O gosto pela História norteou até mesmo a maioria das minhas férias. Os destinos aqui e no exterior, sempre que possível, guardavam alguma relação com fatos e lugares sobre os quais já lera ou ouvira falar. Por isso, tenho fascinação pelas Minas Gerais. Afinal, foi entre suas montanhas que boa parte da existência de mais de 500 anos de Brasil foi escrita. O Brasil-Colônia devia a Minas importante parcela de sua pujança econômica.

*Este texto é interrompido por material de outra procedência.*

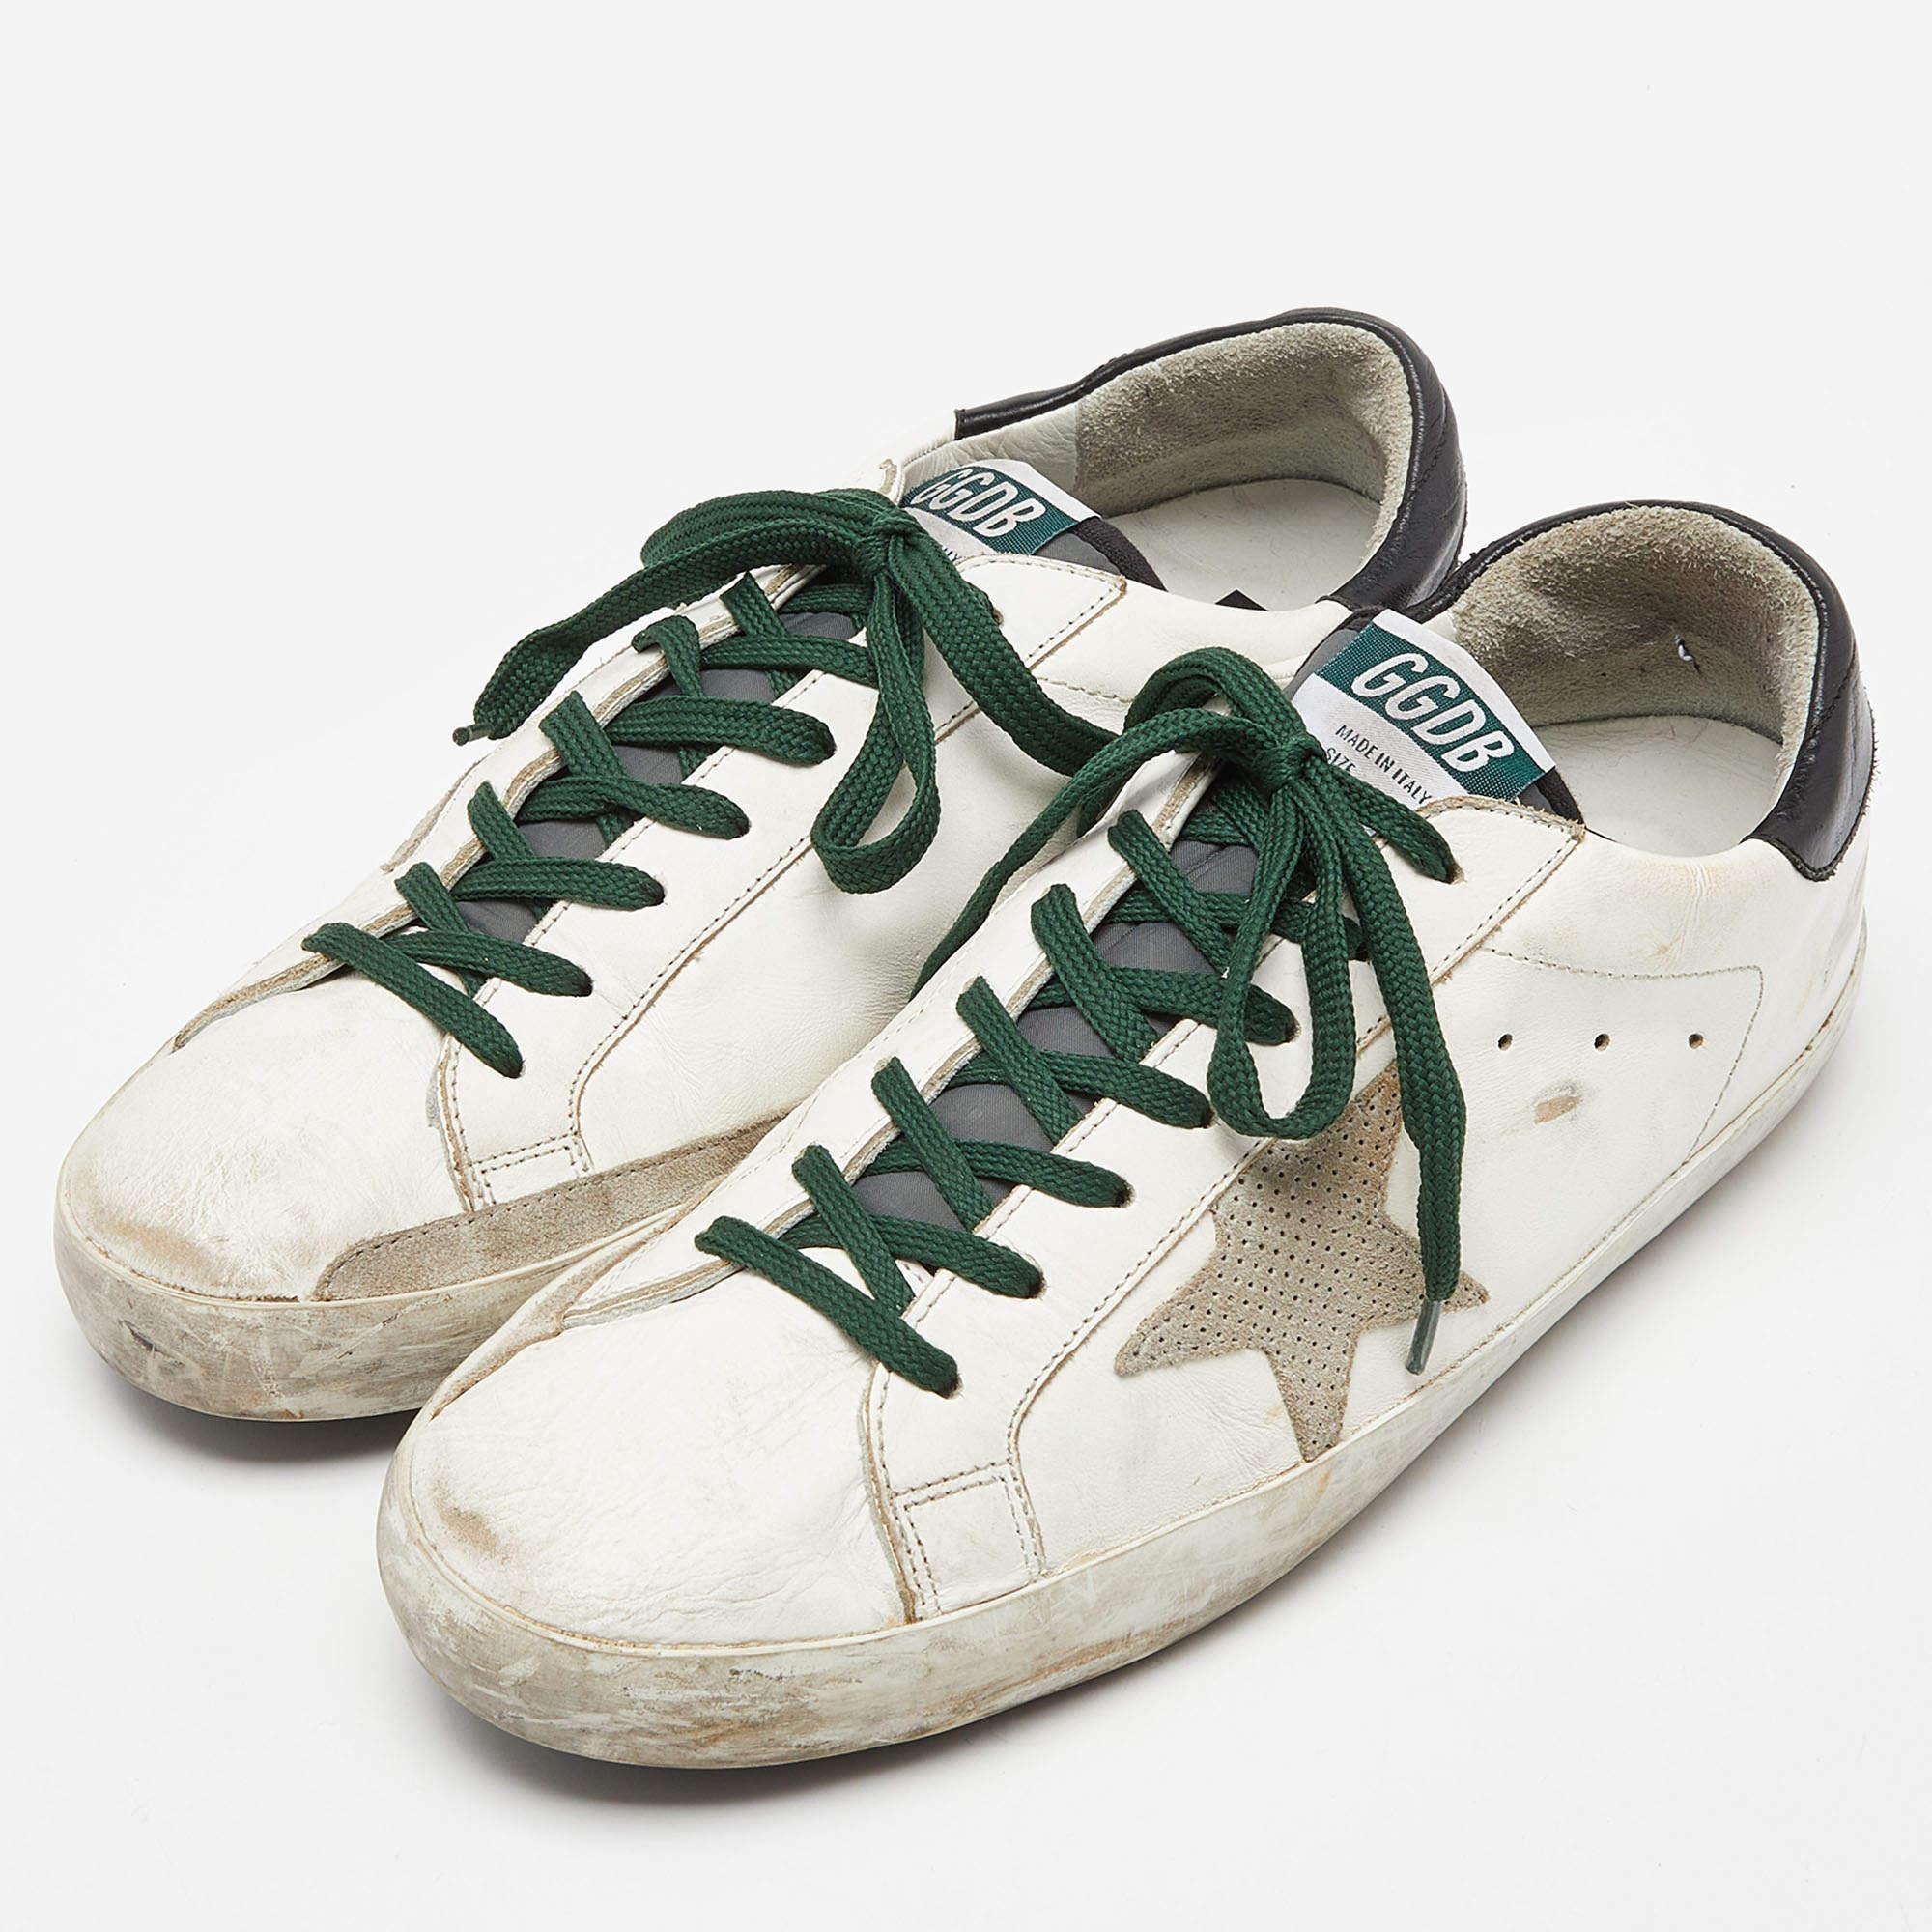 Golden Goose White Leather And Grey Suede Hi Star Sneakers Size 43 For Sale 4

Visitar as cidades e arrabaldes de Ouro Preto, Mariana – que a Samarco tentou, mas felizmente não conseguiu destruir inteiramente –, São João del-Rei e Tiradentes, apenas para enumerar as mais famosas e não alongar muito a lista, é sorver um pouco de tudo isso e tropeçar em causos e personagens, vivos e do passado, que valem um bom livro ou, com os vivos, claro, ótimas conversas regadas com as mais deliciosas cachaças.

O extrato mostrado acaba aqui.